The
Hollywood Economist
The numbers behind the industry.
Rupert Murdoch Strikes Back
His bold plan to give away 20 million digital video recorders
By Edward Jay Epstein
Never
underestimate Rupert Murdoch as a true visionary of the
New Hollywood—or his power to uproot and reshape it.
Back in 1983, when it was considered little more than a
sci-fi pipe dream for man-made satellites to send high-definition
movies to homes around the world, Murdoch was positioning
an armada 22,300 miles above the earth. His satellites were
placed in the Clarke Ring, named after Arthur C. Clarke,
who wrote the science-fiction classic 2001: A Space Odyssey.

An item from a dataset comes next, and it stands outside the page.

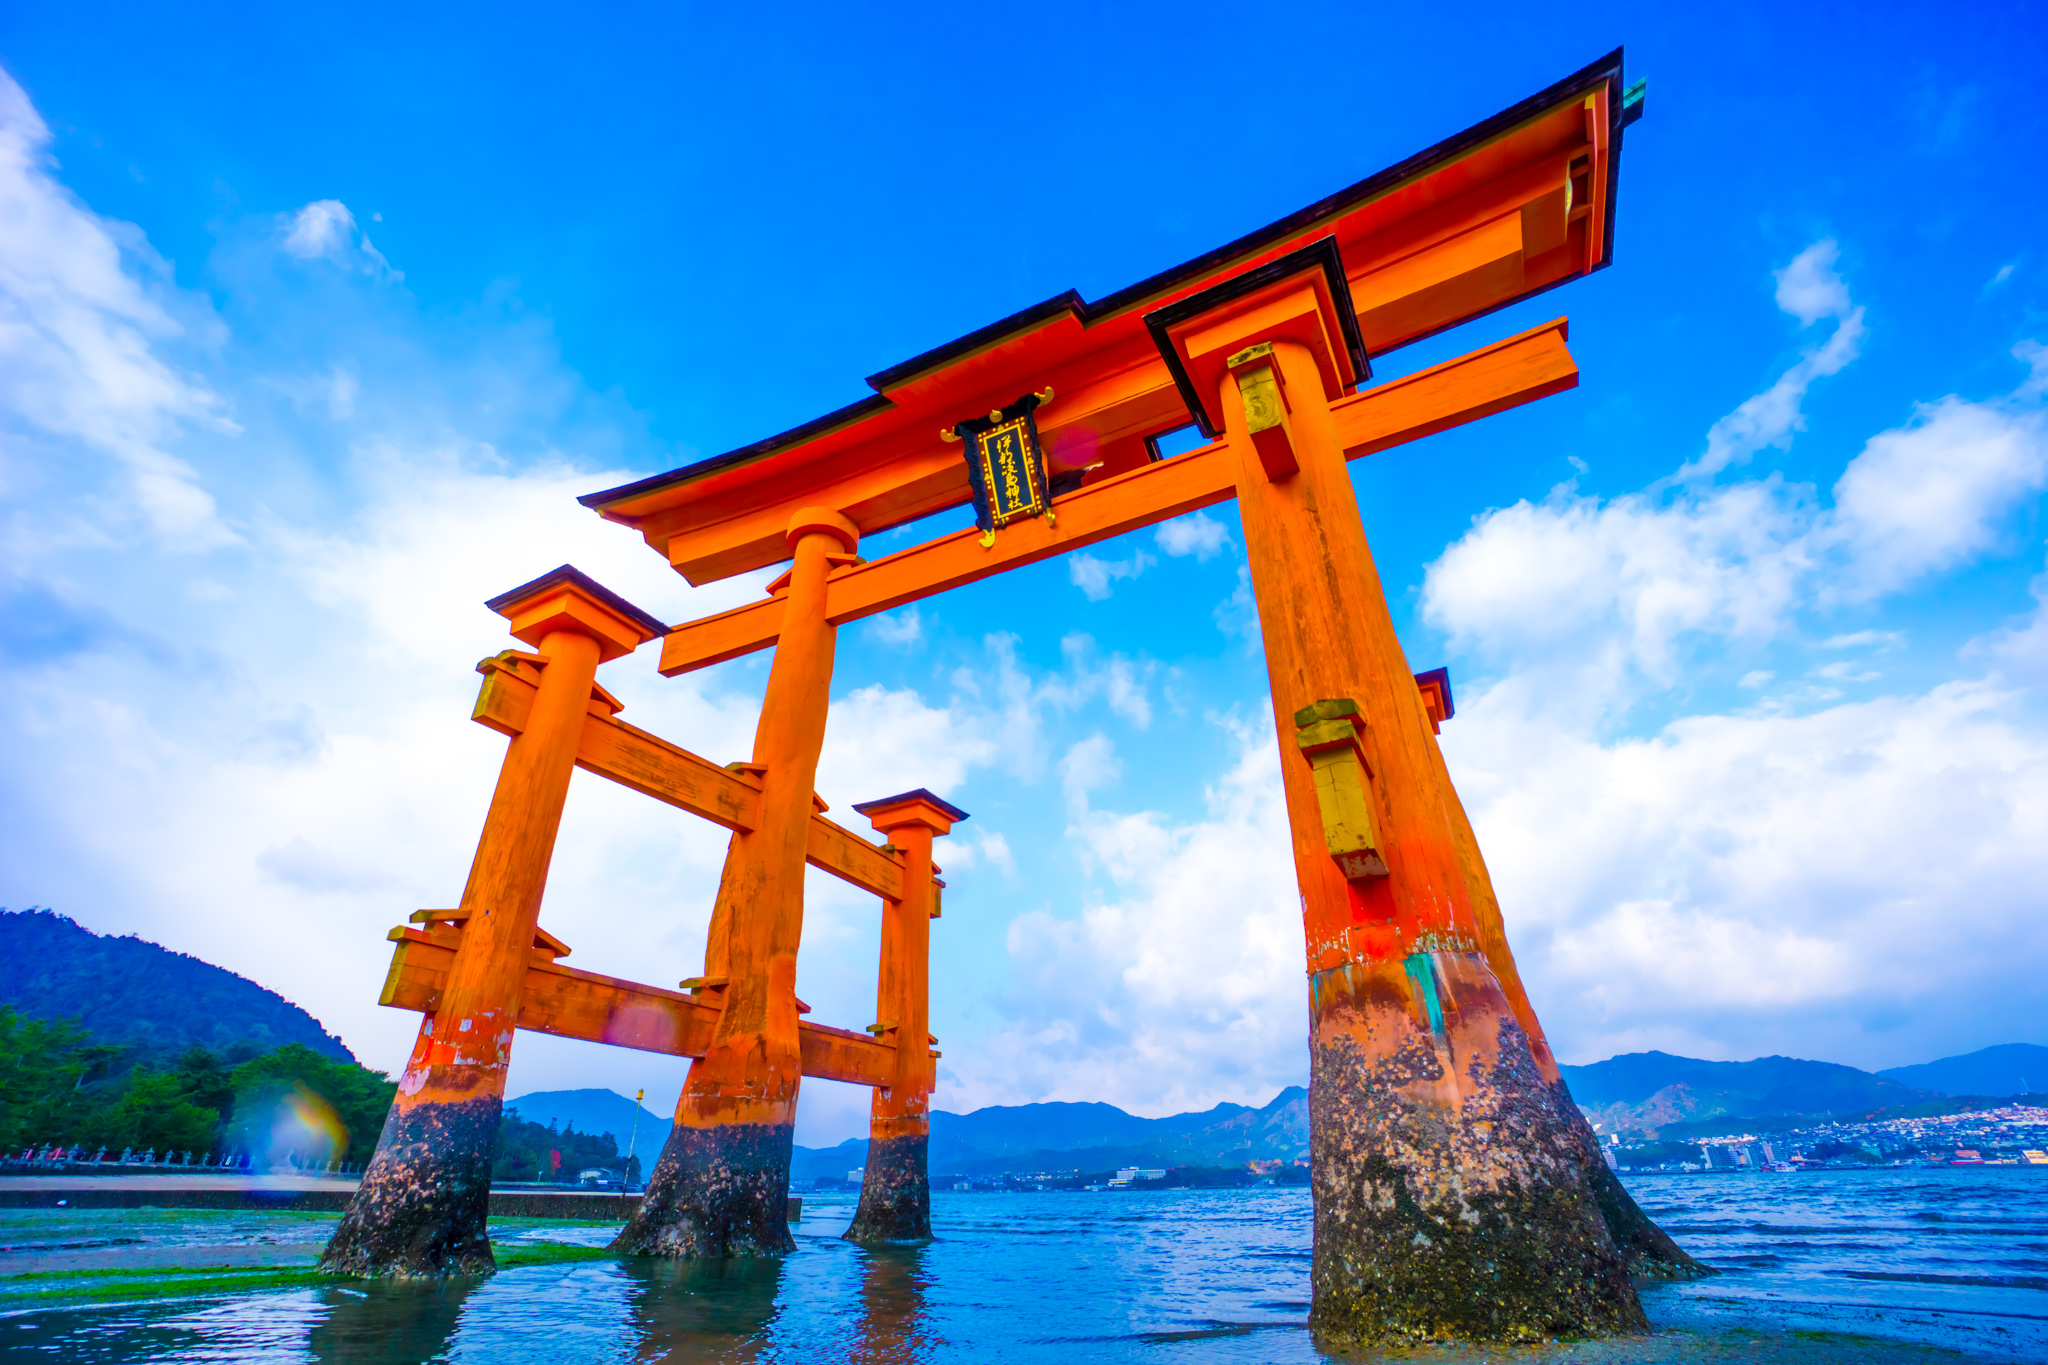 itsukushima shrine low tide featured image

In this high orbit, they would serve as broadcasting platforms
that could beam down movies—as well as sports events,
news, and other programming—to tiny home antennas.
It took another two decades for Murdoch to complete his
bold master plan. In 2003, he bought control of DirecTV—the
largest provider of satellite television in America—which,
along with his Sky TV in Europe and Latin America, and Star
TV in Asia and the Antipodes, gave him some 40 million subscribers.

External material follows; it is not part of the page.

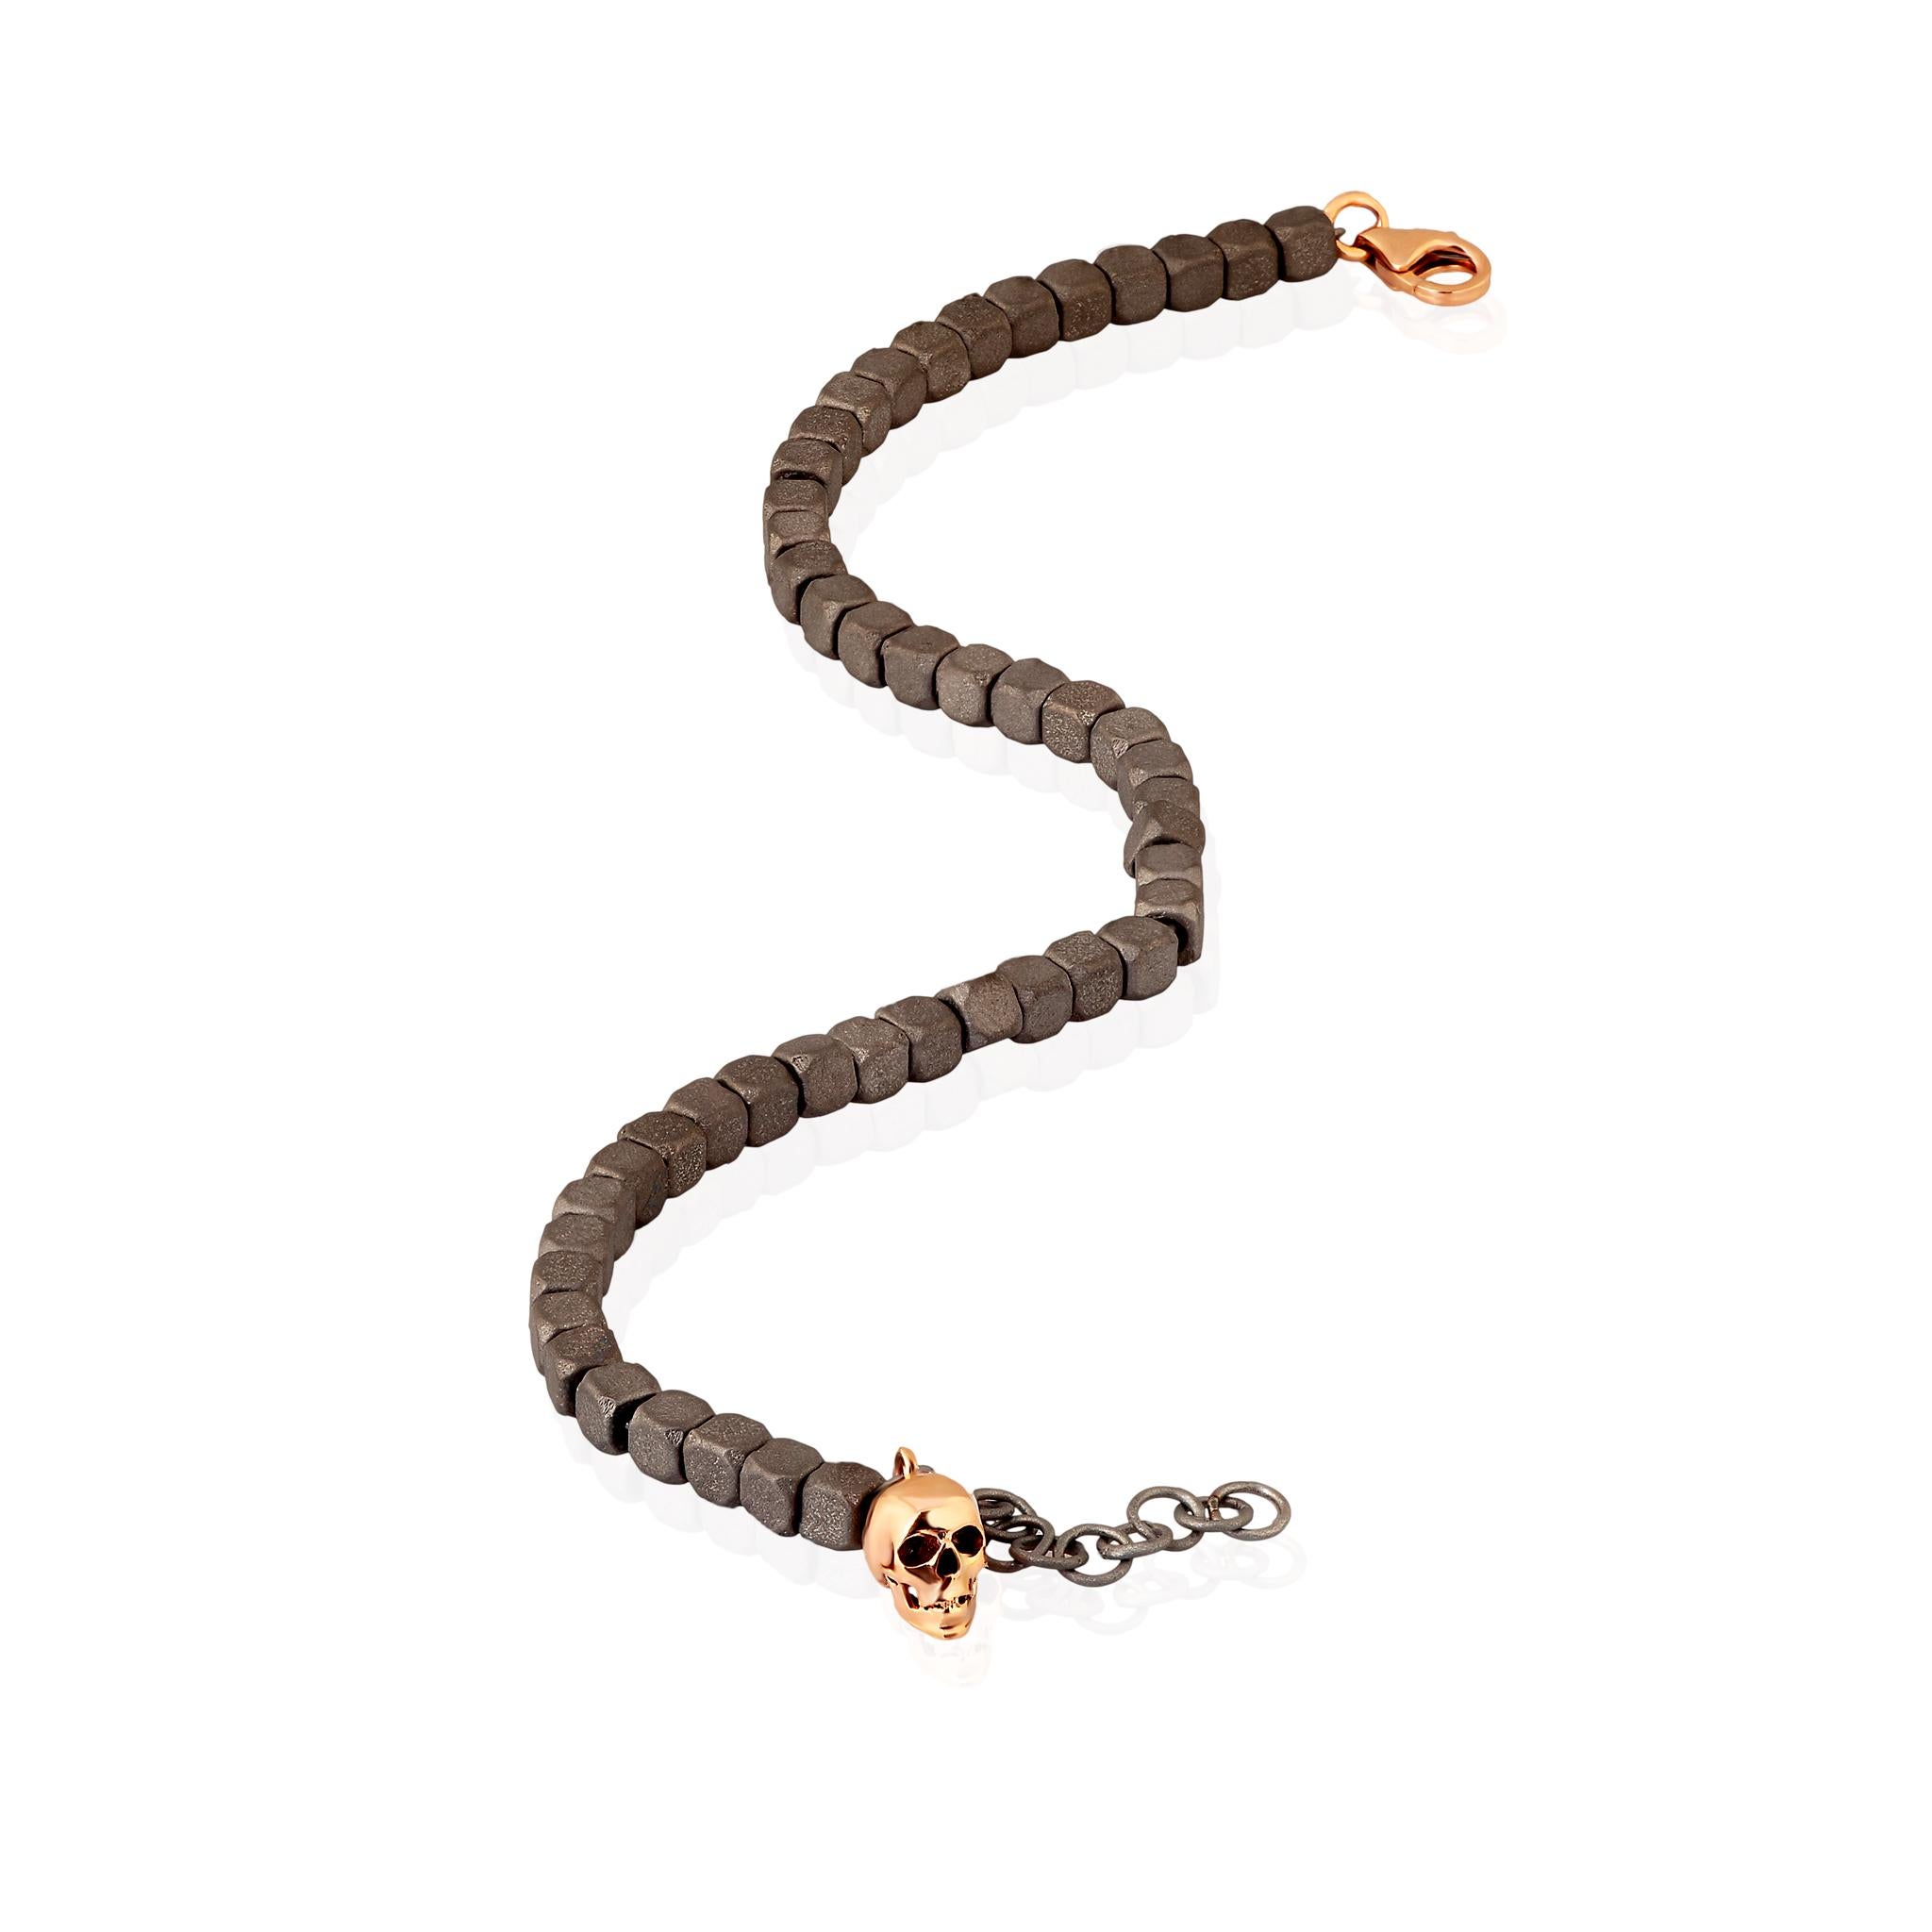 Bracelet en titane pour homme et pendentif tête de mort en or rouge 9 KT. Une série de petits cubes en titane constitue la structure principale du bracelet. Une chaîne traverse toute la section des cubes pour que le bracelet soit solide et mobile.

He then announced that by the end of 2005 his satellites
would have the capacity to transmit 500 channels of high-definition
programs.
Girdling the earth with satellites was just the beginning.

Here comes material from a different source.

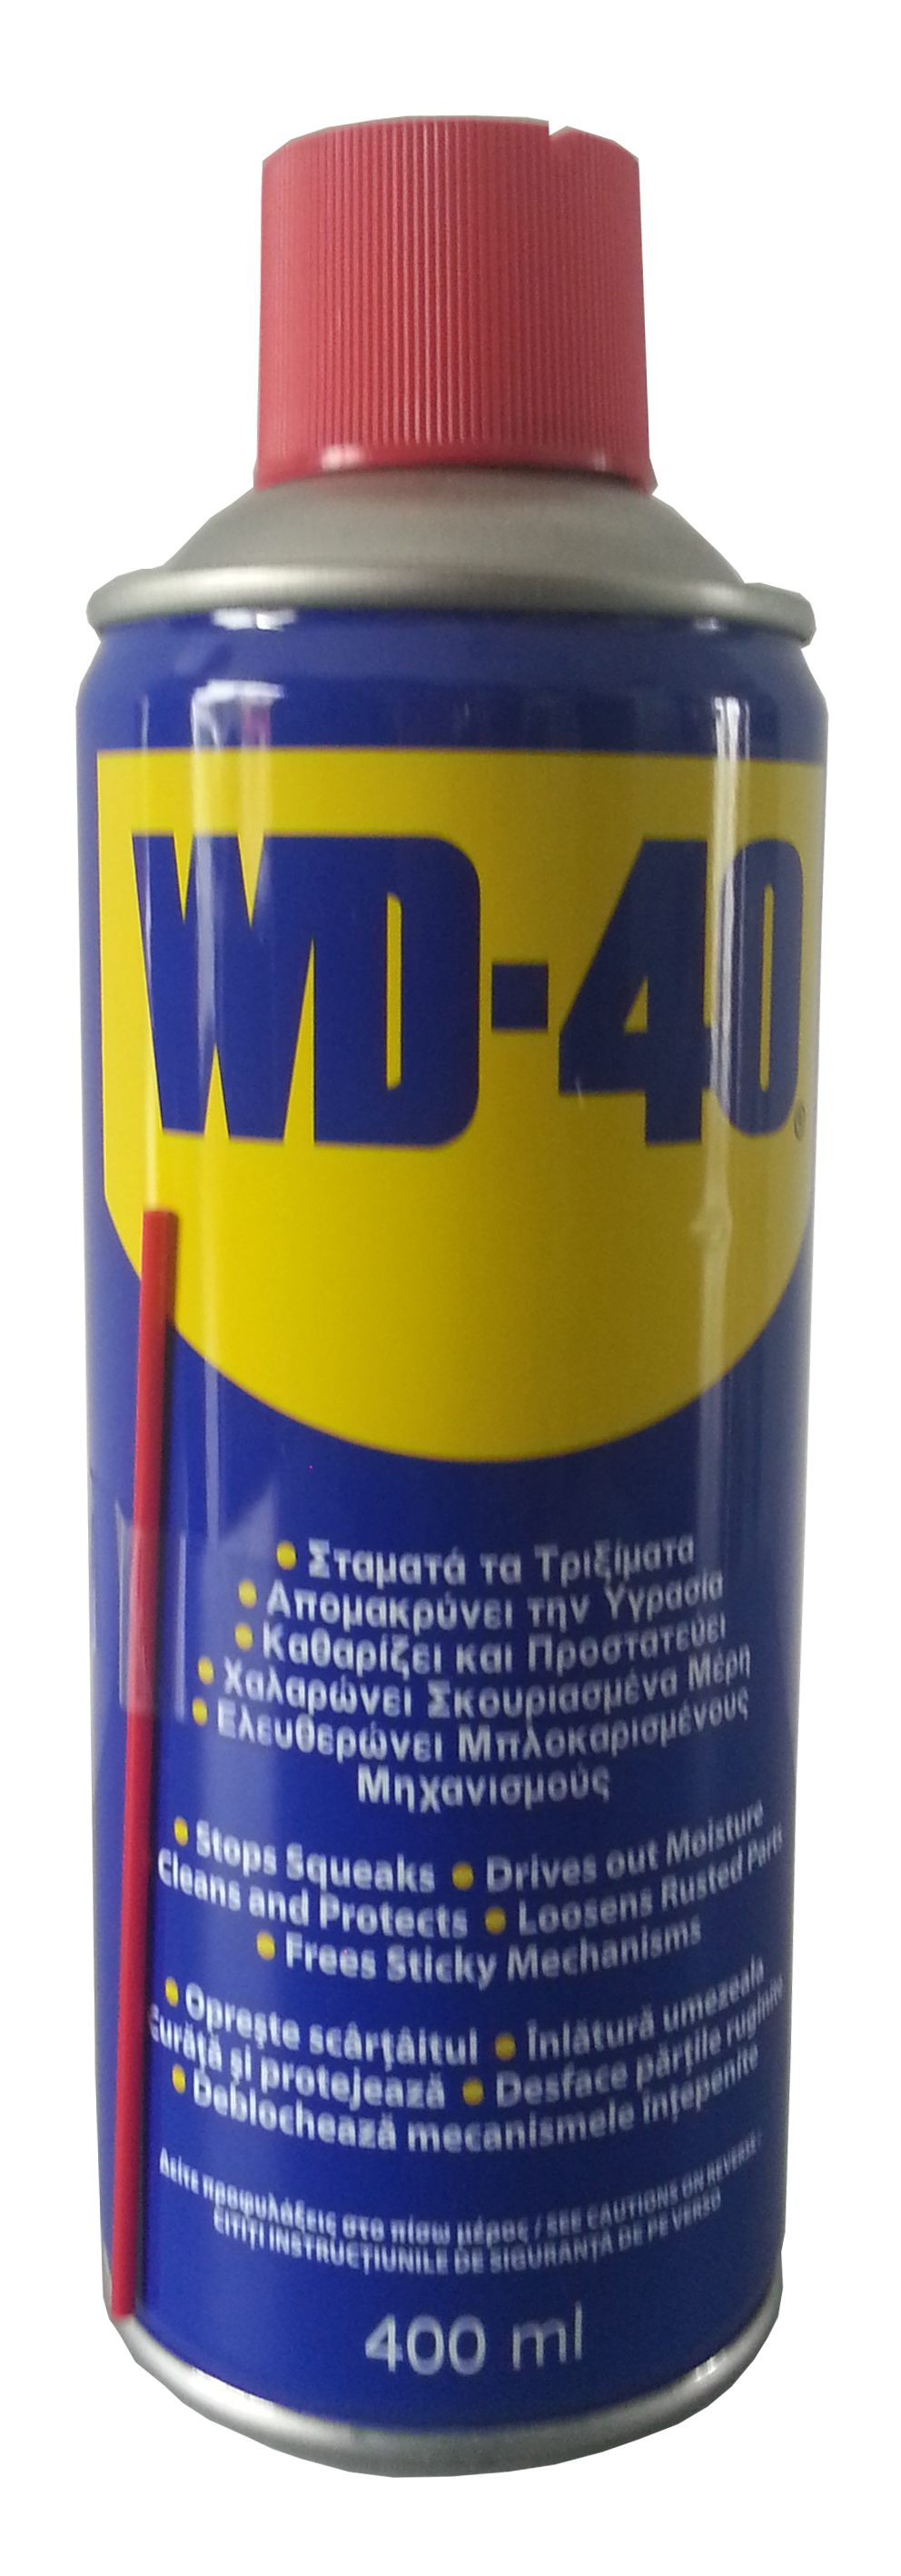 WD40.jpg

Even before Murdoch completed his acquisition of DirecTV,
he told financiers at Morgan Stanley's Global Media Conference
that he planned to marry the satellites above with TiVo-like
home recorders below, explaining that "every subscriber
will be getting either a free digital video recorder or
one for nominal amounts of money." And, to this end,
according to Business
Week, he plans to order 20 million digital video
recorders for his customers.
Murdoch is attempting to revolutionize the world's video-rental
market (both VHS and DVD). Since its inception in the late
1970s, video renting has been an inefficient business. Indeed,
on first hearing the business model, Warner Bros. titan
Steve Ross asked incredulously, "Can we really expect
millions of busy people to get in their car, drive to a
store, pick out a movie, stand in line, fill out a rental
agreement, pay a deposit, drive home, play it on their VCR
and then, the next day, repeat the procedure in reverse
to return it?" Even with improvements in swiping credit
cards and mail-in schemes such as Netflix, renting remains
a cumbersome affair.
Murdoch plans to digitally deliver movies and other programming
from his satellites to home digital video recorders that
would be the same quality, or higher (HDTV), than a DVD.
Since there are not enough transponders on satellites to
stream movies to individual subscribers on demand, Murdoch
needs DVRs in every home to make his digital-delivery system
work. With DVRs, the satellites can upload movies in the
middle of the night in encrypted form onto subscribers'
hard discs without us having to do anything or even be aware
of it. (One idea now under consideration at DirecTV is to
provide these DVRs with an enormous 160-gigabyte recording
capacity. The subscriber would only be told about 80 gigabytes,
with the remaining 80 gigabytes reserved for encrypted movies.)
Once the movies are placed on the DVRs, a customer "rents"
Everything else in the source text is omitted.